Below is a listing with pictures. Repeat exactly the lines starting at the one holding "archticture photography gate" and going on through the one holding "The wine cup", and leave every picture out.

» **Exercise data**:
--------------------------------
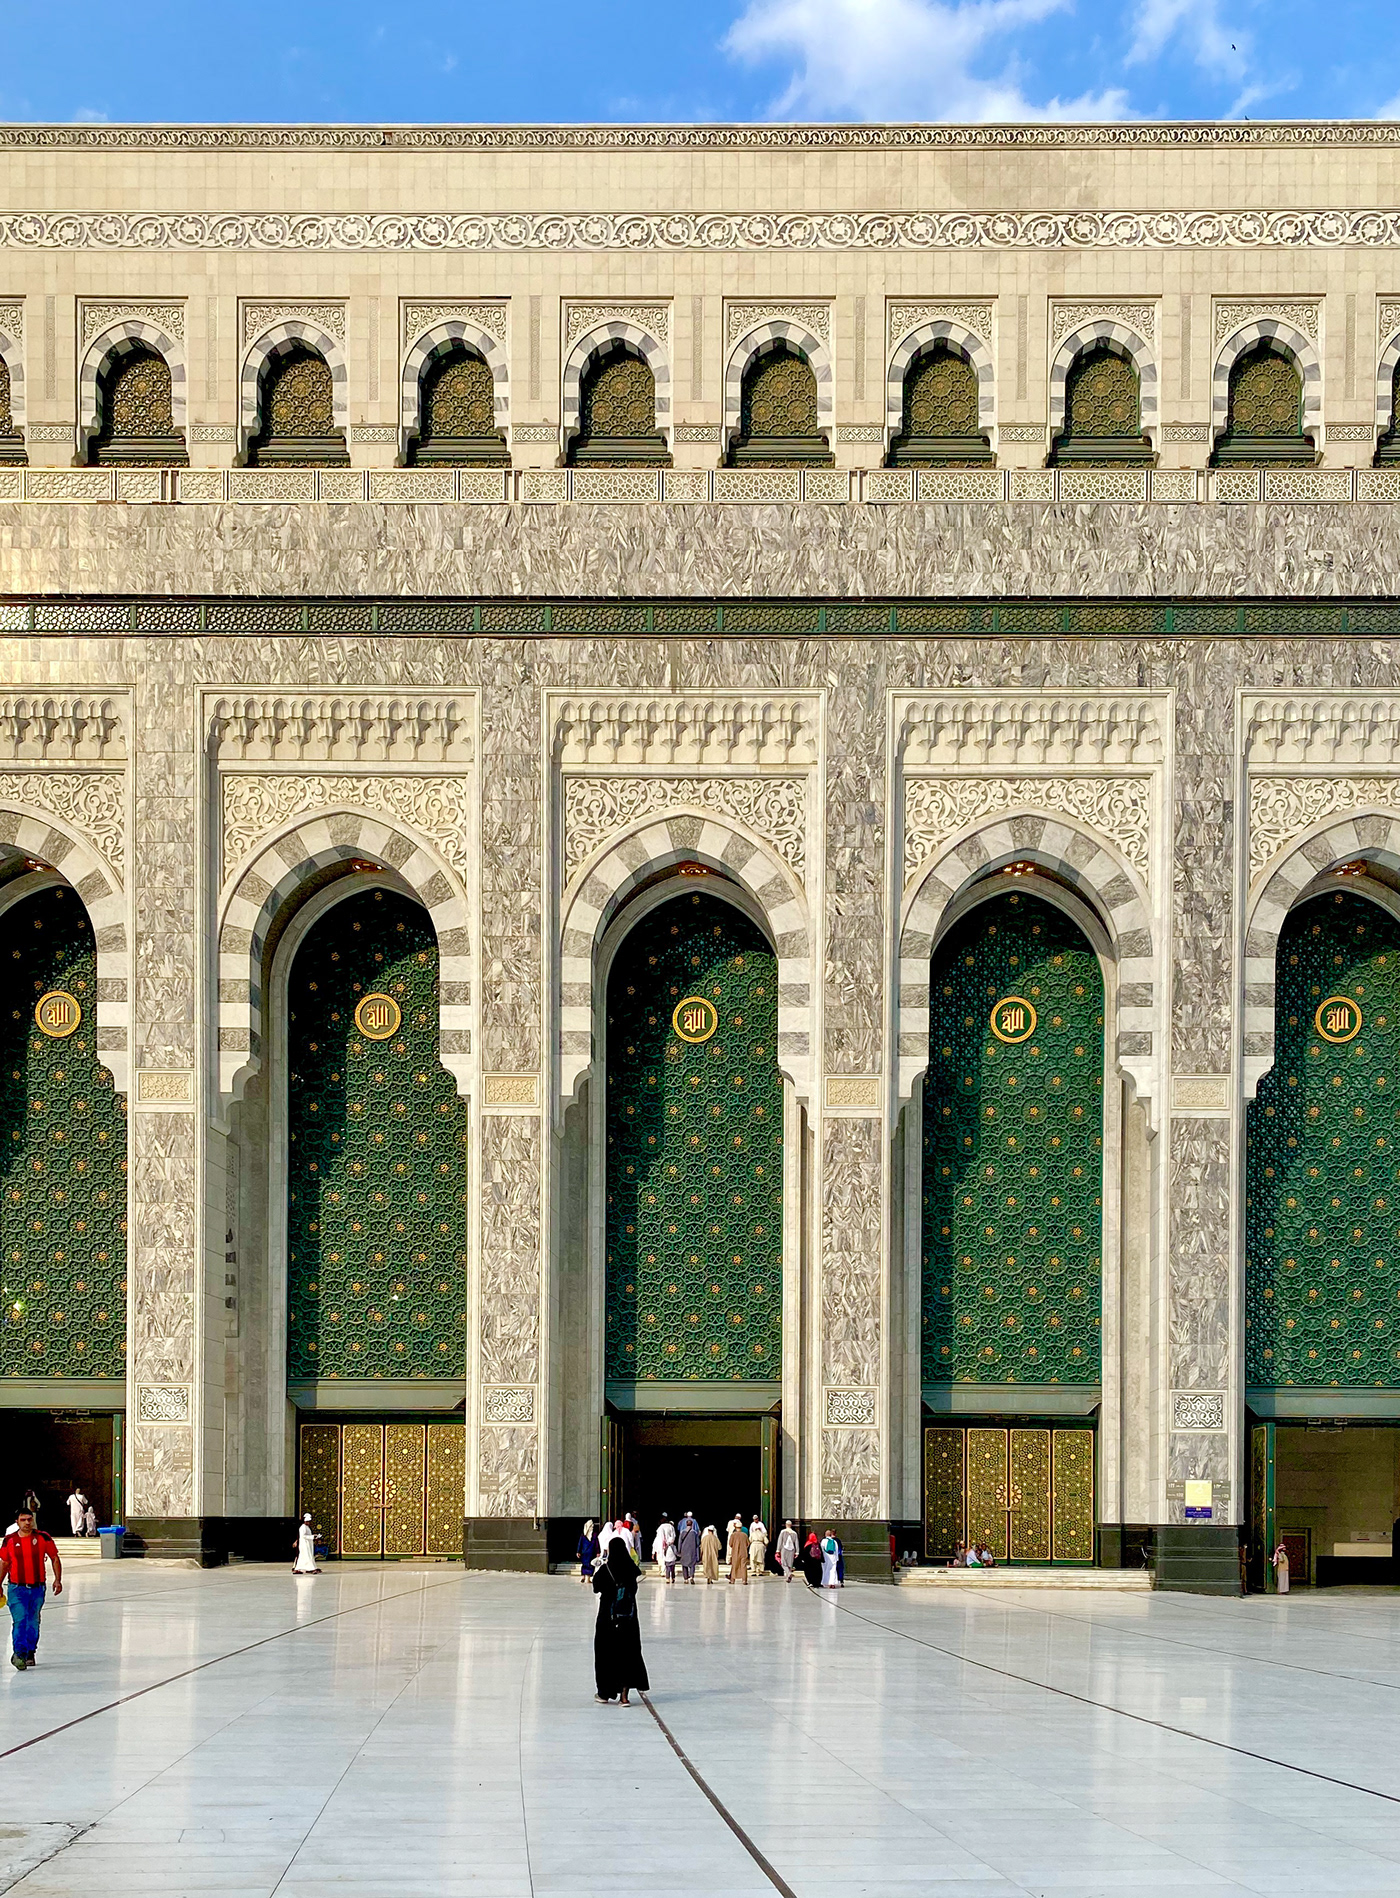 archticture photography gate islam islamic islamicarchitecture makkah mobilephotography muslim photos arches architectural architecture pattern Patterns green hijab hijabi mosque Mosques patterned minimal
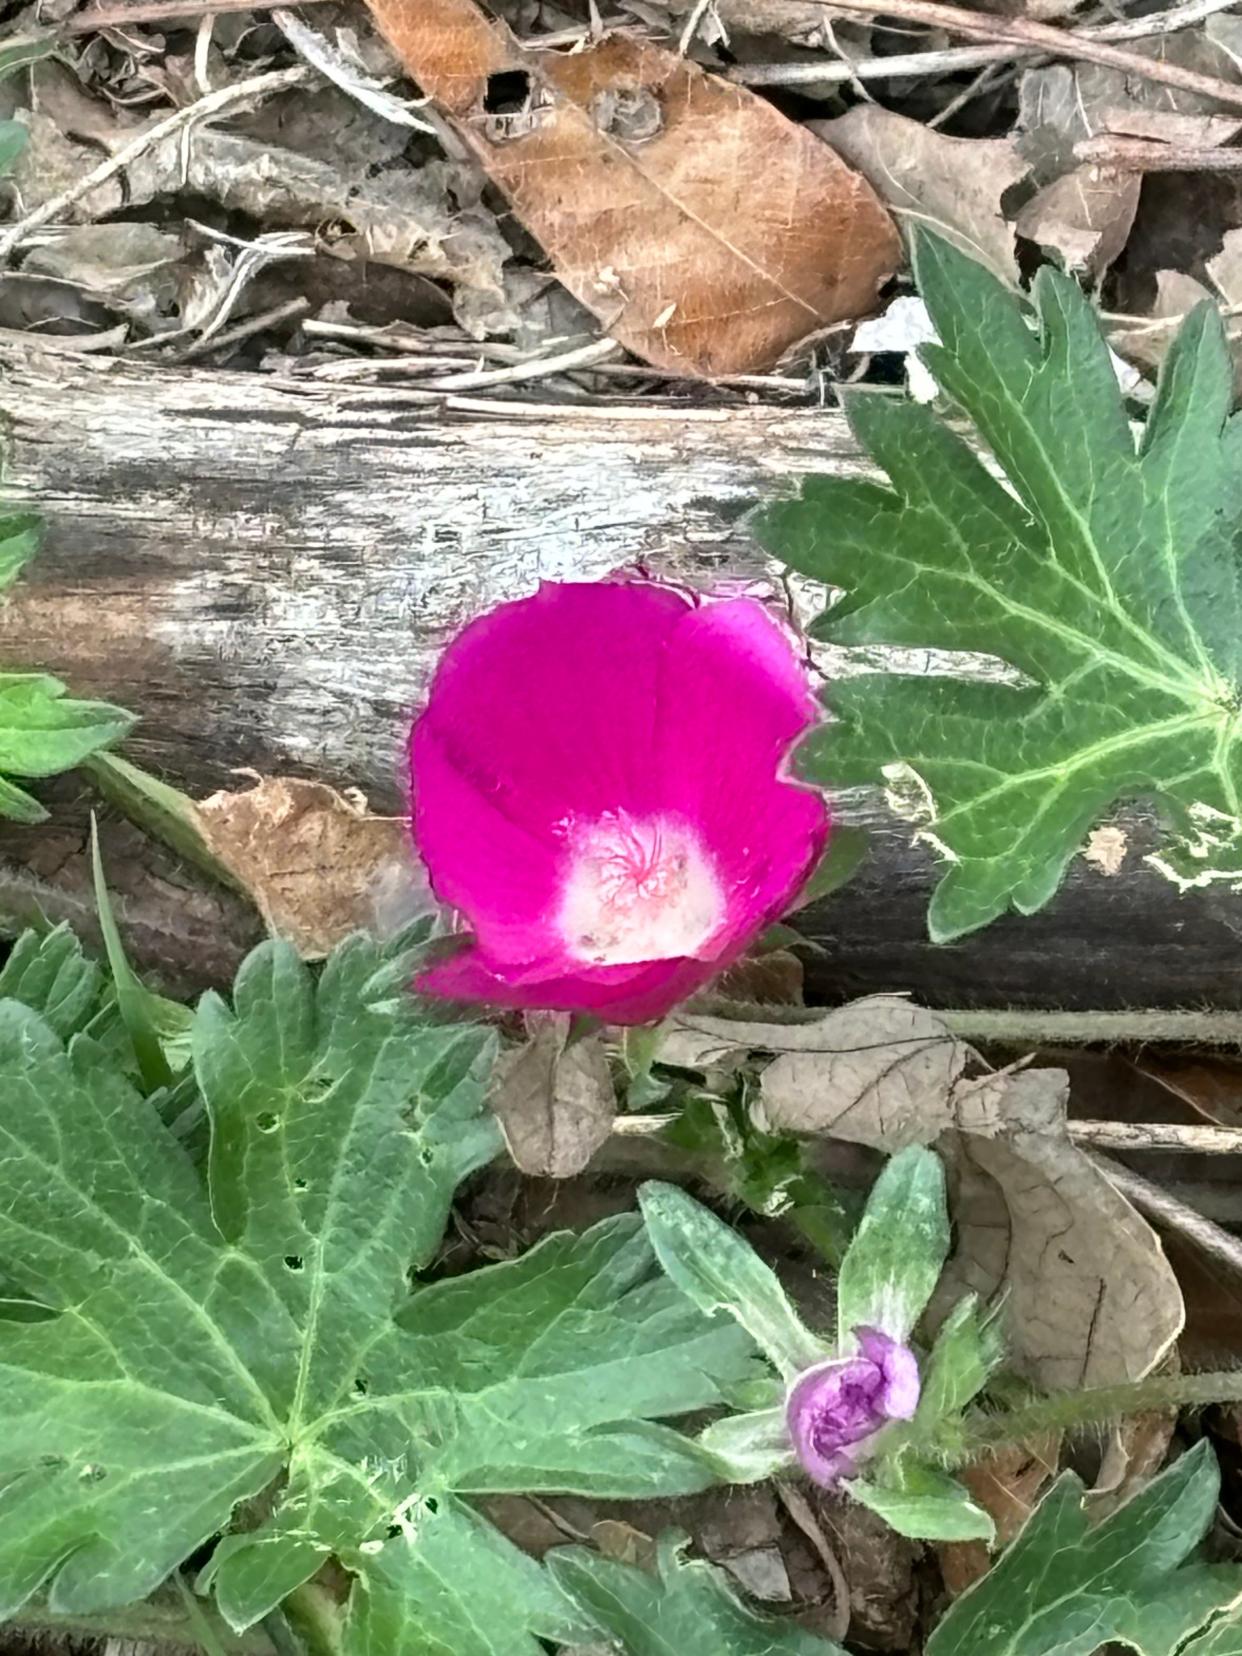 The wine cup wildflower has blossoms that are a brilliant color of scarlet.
--------------------------------
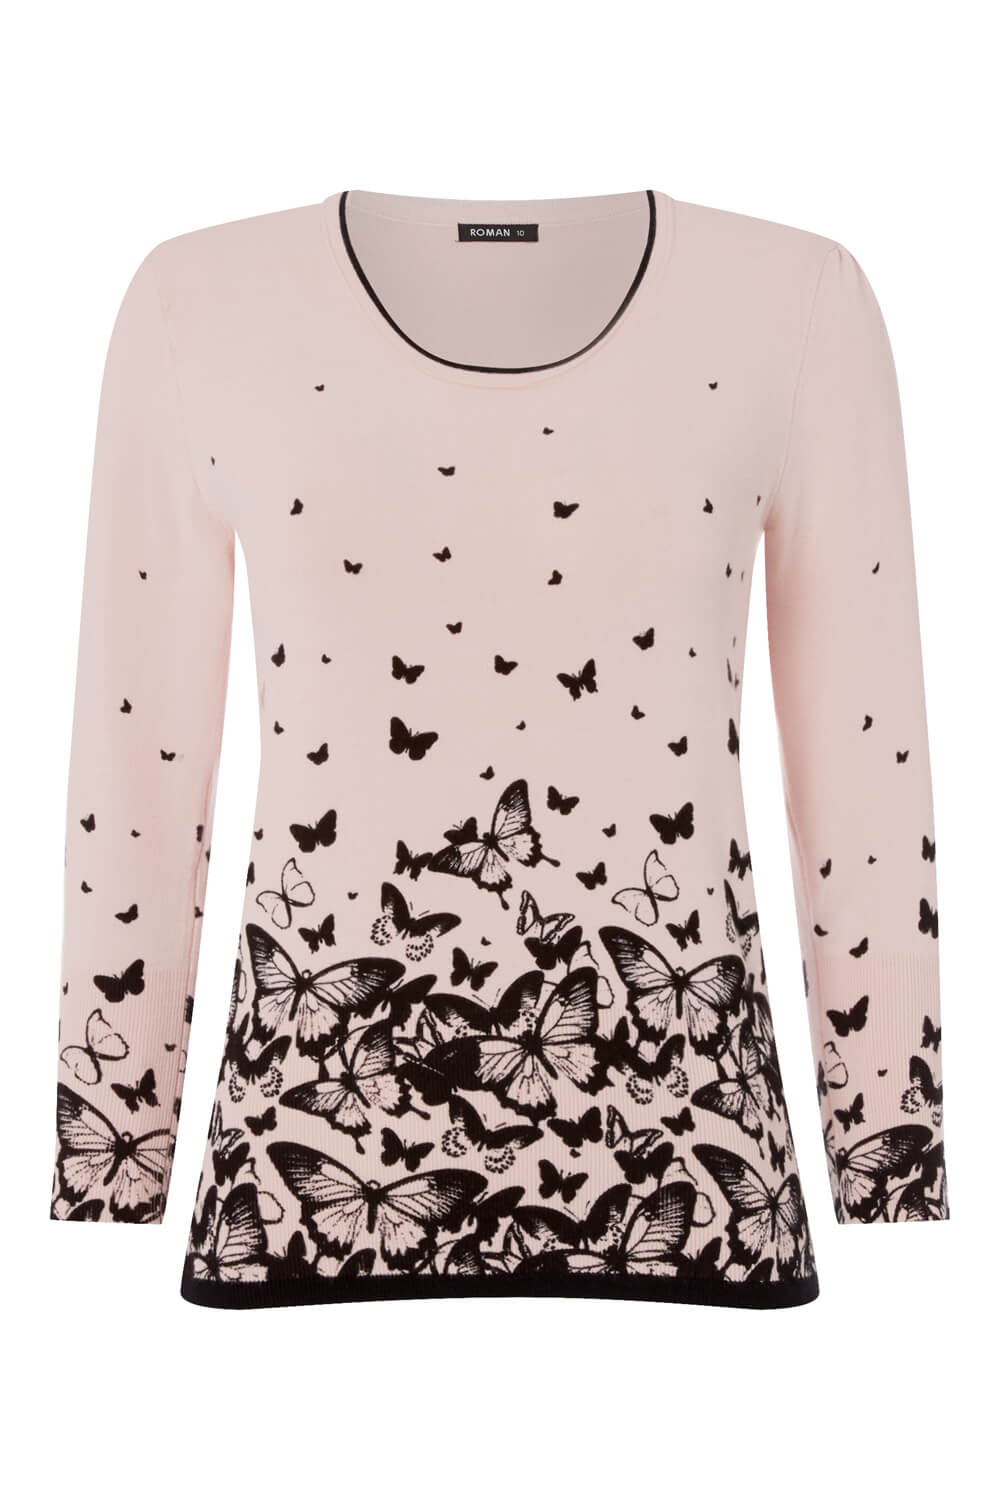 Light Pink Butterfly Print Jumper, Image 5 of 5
--------------------------------
» **Exercise result**:
 archticture photography gate islam islamic islamicarchitecture makkah mobilephotography muslim photos arches architectural architecture pattern Patterns green hijab hijabi mosque Mosques patterned minimal
 The wine cup wildflower has blossoms that are a brilliant color of scarlet.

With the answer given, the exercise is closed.